1) What I want to capture is the fans of a celebrity on Instagram
2) The Instagram PC site uses a lot of js rendering
3) I have never written a crawler, and the boss will need the data tomorrow
I am currently using BeautifulSoup
, selenium
and phantomjs
The code demo is probably
driver = webdriver.PhantomJS(self.browser)
driver.get(self.url)
driver.implicitly_wait(3)
element = driver.find_element_by_class_name("_s53mj")
element.click()
html = driver.page_source
soup = BeautifulSoup(html)
The problem is:
1) I don’t know whether the click is executed successfully, whether the click element is correct, the driver seems to have no return value for my reference
2) Even if the click is successful, does it only call What should I do if the click() method in js is not triggered?
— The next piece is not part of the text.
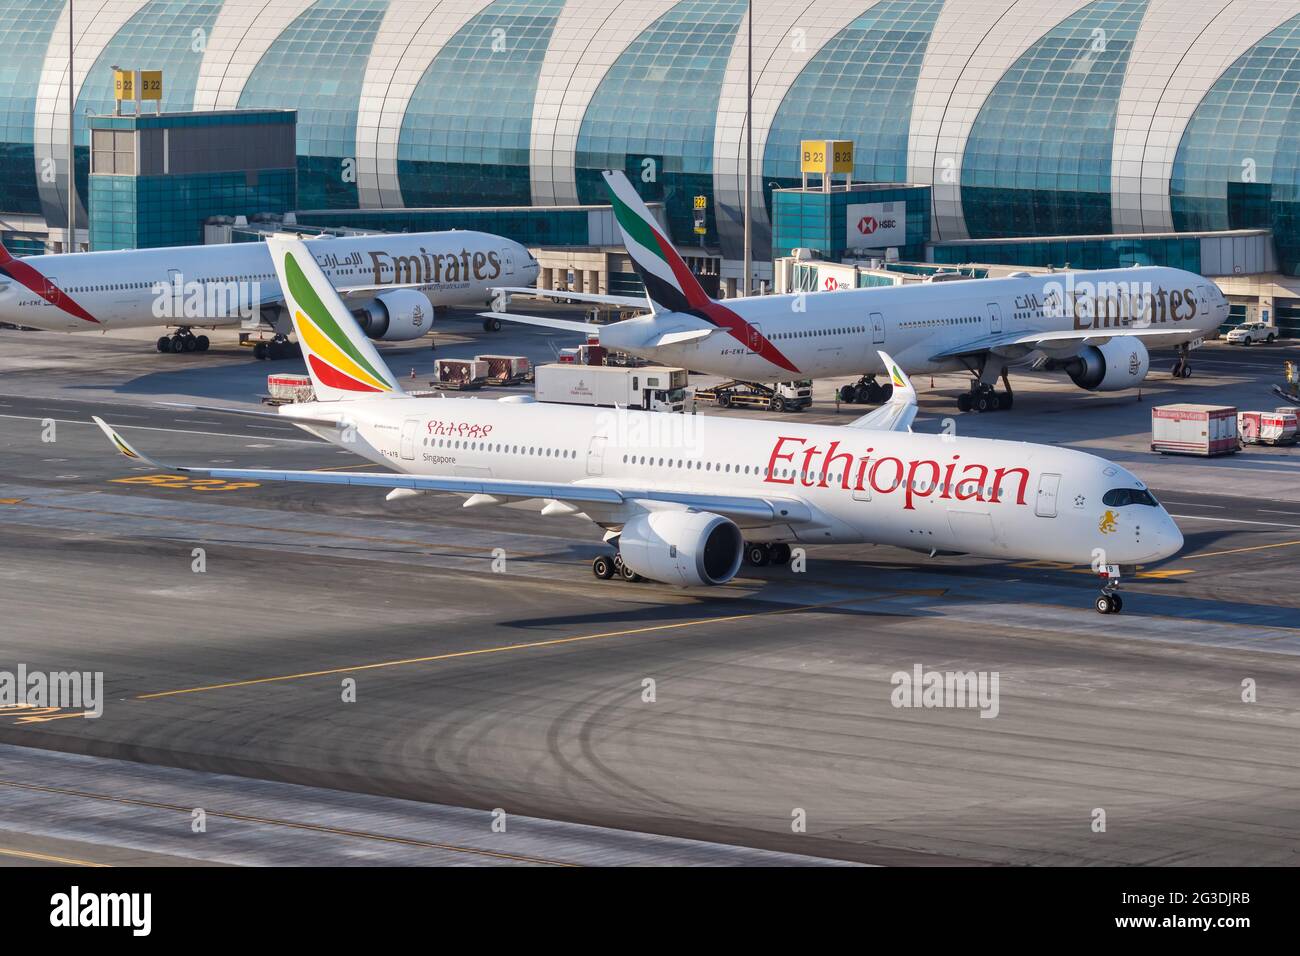 Dubai, United Arab Emirates - May 27, 2021: Ethiopian Airlines Airbus A350-900 airplane at Dubai airport (DXB) in the United Arab Emirates. Stock Photo

3) I don’t know whether to render page_source
first or click
first. Assume that the click execution is successful. , will it not be returned to the source?
Ah, thank you all reptile bosses
我想大声告诉你2017-06-28 09:24:20
What do you mean? I am puzzled. . .
Selenium automation, click can imitate user clicks, just like you click on the page yourself, everything is done in the virtual browser driver.
Look at your business logic. . . For example, some data needs to be clicked to obtain, so click first and then get the source code.